Evaluation of Prediction Accuracy of Different Geospatial Approaches

We calculated four validation indices that demonstrate different quality attributes of predicted SOC stock maps: 1) the measure of inaccuracy expressed as the RMSE, 2) the measure of bias expressed as the mean estimation error (MEE), 3) the measure of linear relationship between observed and predicted SOC stock values expressed as Pearsons’s correlation coefficient (r), and 4) the ratio of performance to deviation (RPD), which is the ratio of the standard deviation of the observed SOC stock values to the RMSE of the predictions. The larger the RPD, the more accurate the prediction. To calculate these validation indices, we split the SOC stock dataset into four different spatially balanced calibration and validation datasets (70/30, 75/25, 85/15, 90/10) using “create subset” function of ArcGIS (ArcGIS version 10, Environmental Systems Research Institute, Inc., Redlands, CA, United States). We reported average validation indices obtained from these four validation subsets. The predicted SOC stock values from all the prediction approaches were extracted at validation data sites and the following equations were applied:

M E E = \frac{1}{n} \sum_{i = 1}^{n} [S \hat{O} C (x_{i}) - S O C (x_{i})]

R M S E = \sqrt{\frac{1}{n} \sum_{i = 1}^{n} {[S \hat{O} C (x_{i}) - S O C (x_{i})]}^{2}}

where $S O C (x_{i})$ is the measured SOC, $S \hat{O} C (x_{i})$ the estimated SOC, and n is the number of validation observations (n = 714). For optimal predictions, MEE and RMSE values should approach zero. Chang and Laird (2002) defined three classes of RPD; models that have high predictive ability (RPD > 2), models that have intermediate predictive ability that can be possibly improved (RPD between 1.4 and 2), and models that have no predictive ability (RPD < 1.4). In addition to predict the spatial variation of SOC stocks at 250-m spatial resolution across the study area, we also calculated the coefficient of variation of surface SOC stocks across different permafrost zones of the Northen circumpolar permafrost region.

Results

Descriptive Statistics of Soil Organic Carbon Observations

Statistical properties of the surface SOC profile observations at calibration and validation sites are summarized in Figure 2. The average surface SOC stock of northern circumpolar region was 12.5 kg m⁻², ranging from 0.25–90 kg m⁻². The observed SOC stocks showed unimodal (kurtosis = 2) and positively skewed (coefficient of skewness = 2.1) distributions. Among total SOC observations, 2% of the samples had SOC stocks less than 1 kg m⁻², and about 6% of the samples had SOC stocks larger than 30 kg m⁻². The majority of samples (92%) had SOC stocks between 1 and 30 kg m⁻². The SOC stock values of validation samples were within the range of calibration samples. Figure 3 shows the linear relations between SOC stocks and different environmental factors used in this study.

FIGURE 3

FIGURE 3. Pearson’s correlation coefficients between SOC stocks and environmental variables used in this study. The insignificant correlations (p value >0.05) are blank (white).

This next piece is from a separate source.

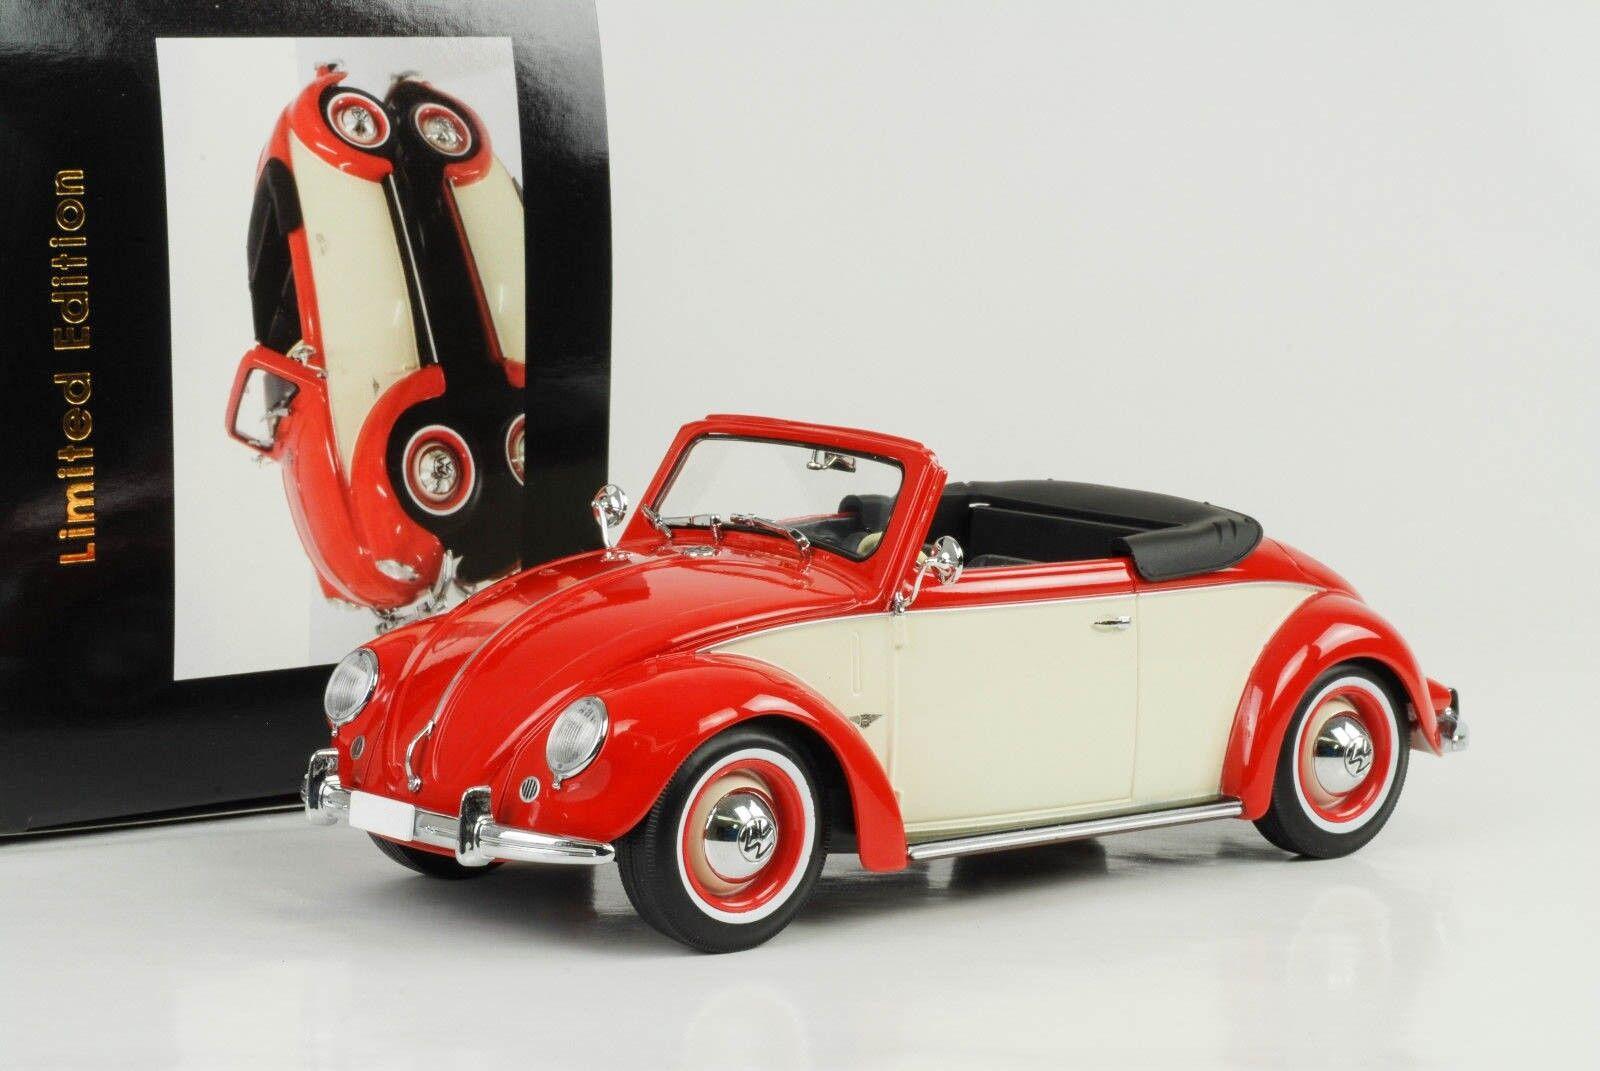 Volkswagen VW 1200 Hebmüller 1949 Cabriolet with Roof Red Cream 1 18 Kk Diecast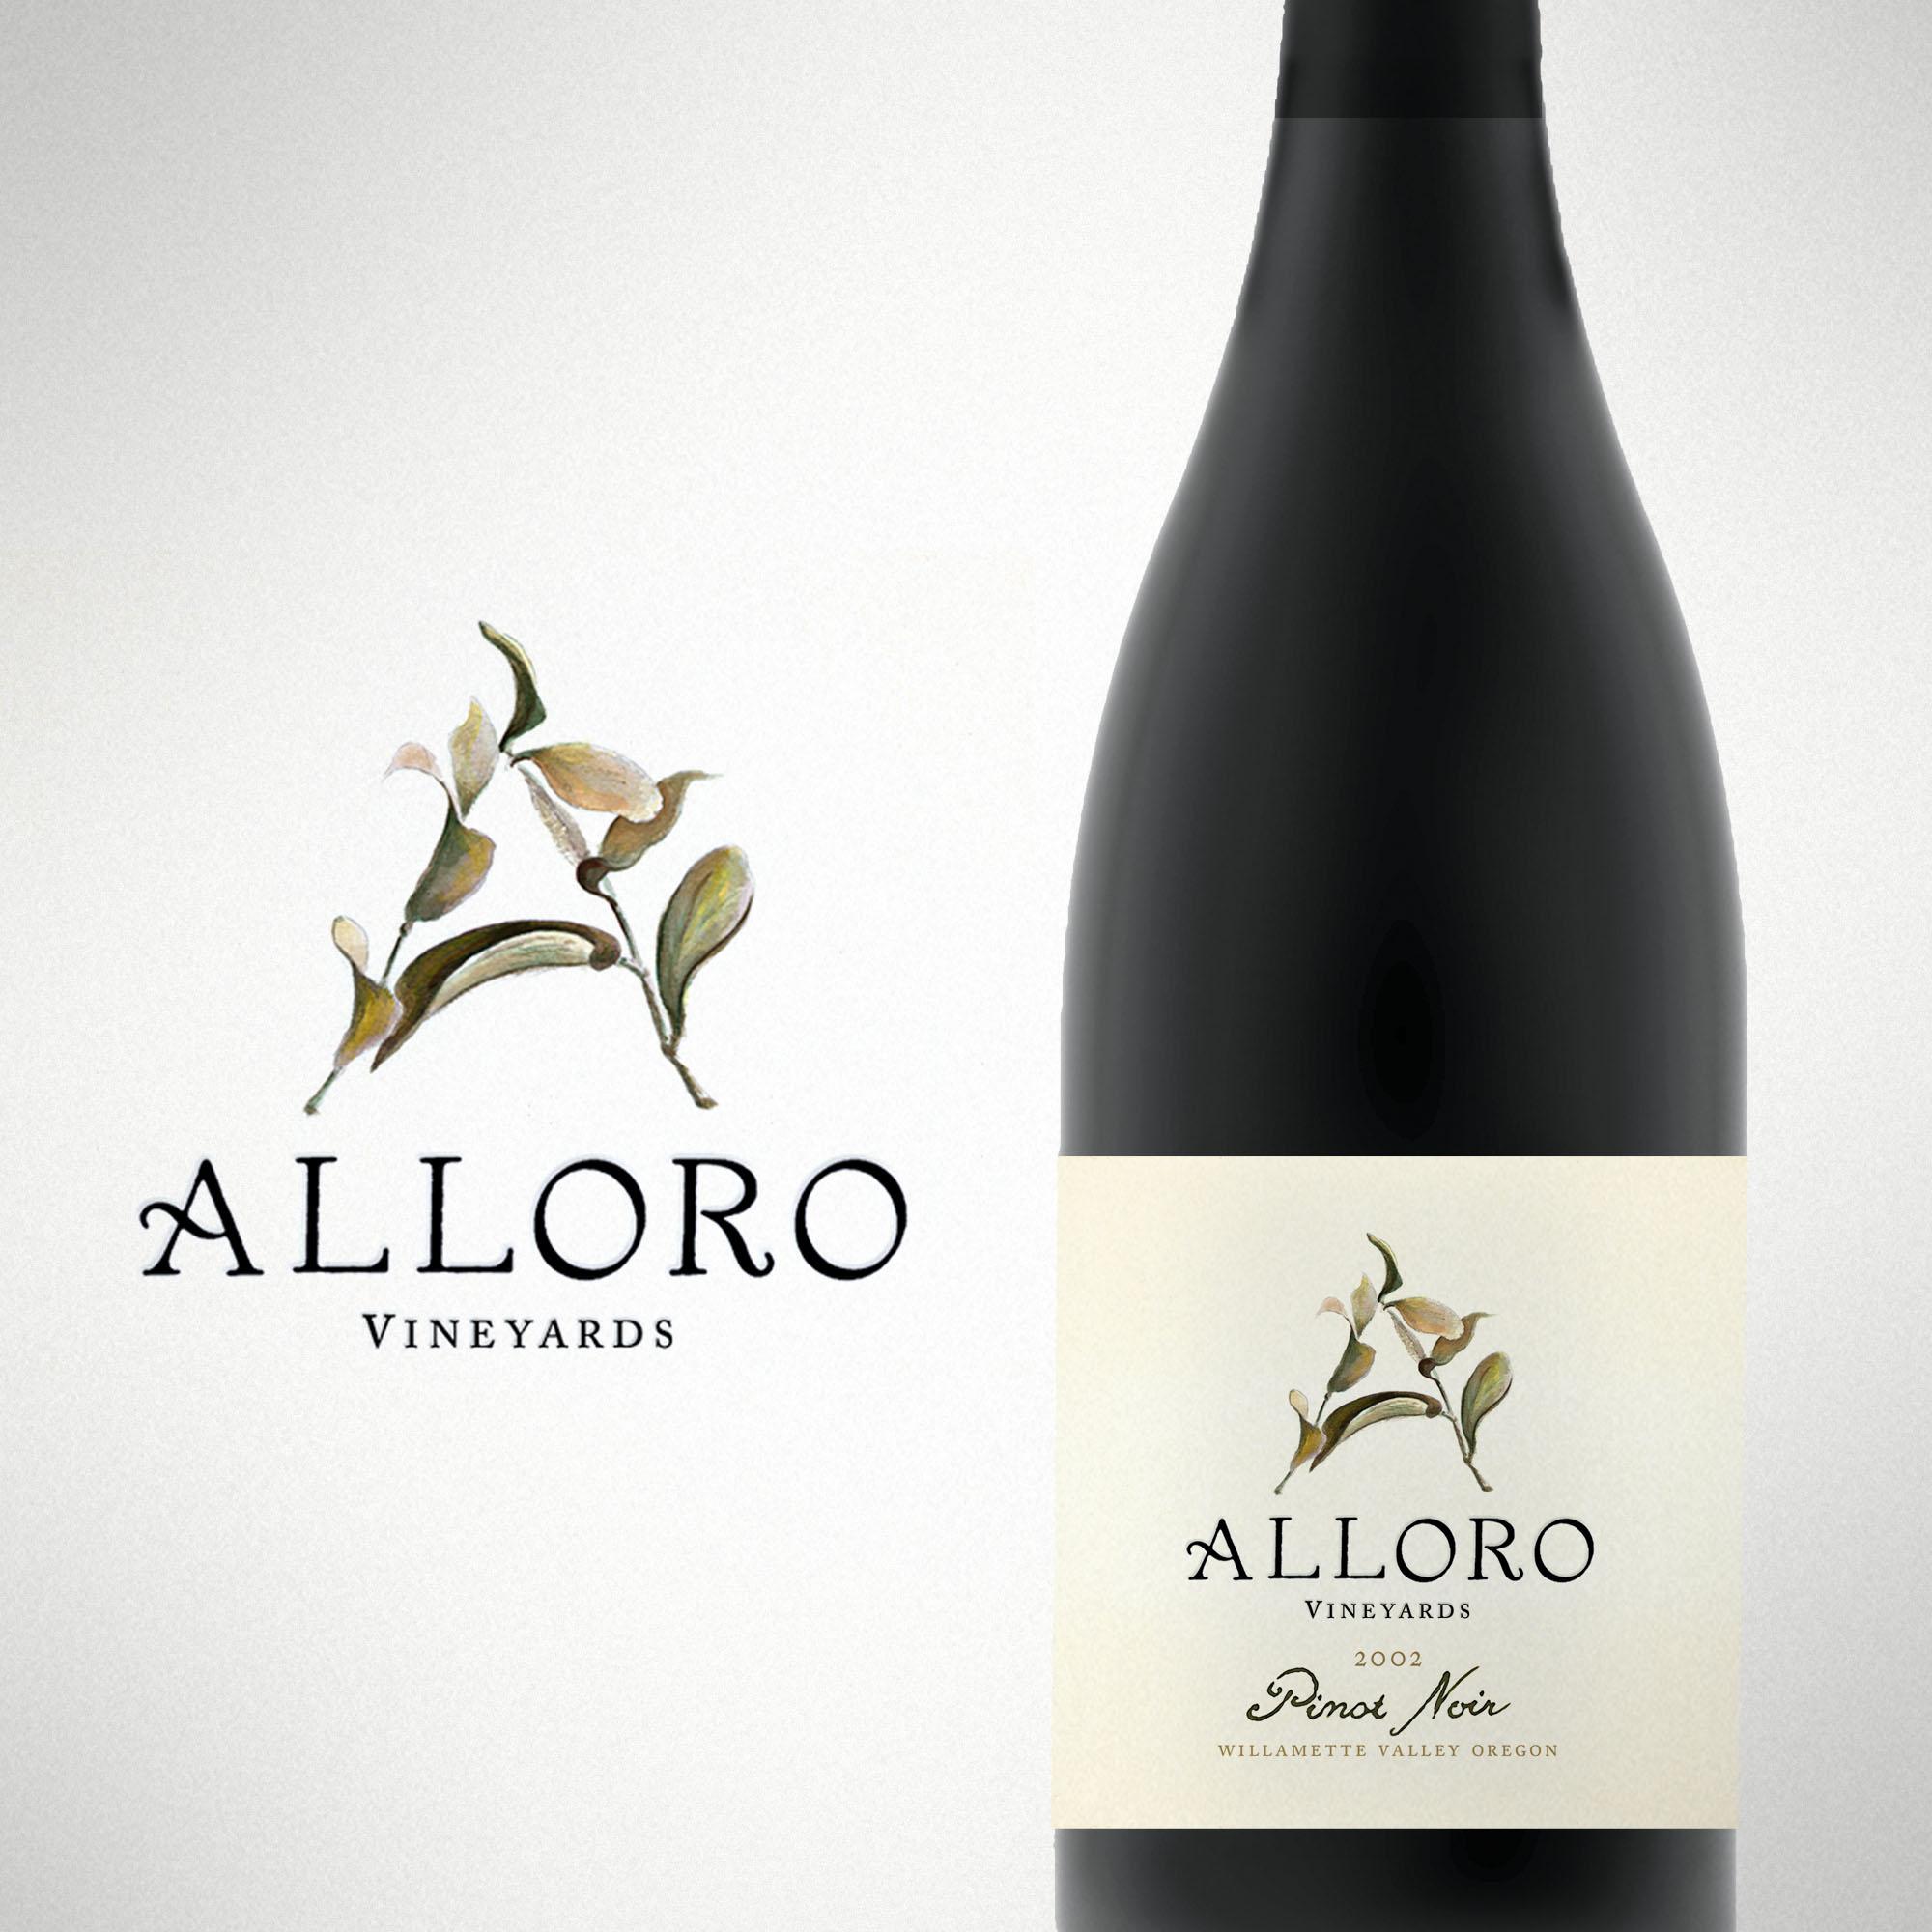 Alloro_bottle.jpg

Predicted Spatial Variation of Surface Soil Organic Carbon Stocks

Due to lowest prediction errors of surface SOC stocks obtained, we used the results of the ensemble median of the machine learning approaches to describe the magnitude and spatial variation of surface SOC stocks (Figure 4). Predicted median surface SOC content showed moderate spatial variation (CV = 26%), ranging from 0.5 to 37.5 kg m⁻², with an average circumpolar region surface SOC content of 12.3 kg m⁻². Among different permafrost regions, the discontinuous permafrost region showed highest SOC content (12 kg m⁻², with lower and upper quartiles of 11.0 and 13.5 kg m⁻², respectively), followed by the sporadic permafrost region (10.5 kg m⁻², with lower and upper quartiles of 9.0 and 12.0 kg m⁻², respectively), and the continuous permafrost region (10.0 kg m⁻², with lower and upper quartiles of 8.6 and 11.0 kg m⁻², respectively). Lowest surface SOC content was found in isolated permafrost region soils (9.0 kg m⁻², with lower and upper quartiles of 8.0 and 10.0 kg m⁻², respectively).

FIGURE 4

FIGURE 4. Predicted spatial variation of surface (0–30 cm) SOC stocks (median predictions; (B) of the northern circumpolar permafrost region using ensemble machine learning approach, with its lower quartile (A) and upper quartile (C). Areas in black show water surface or perennial ice, urban, and barren land with consolidated materials.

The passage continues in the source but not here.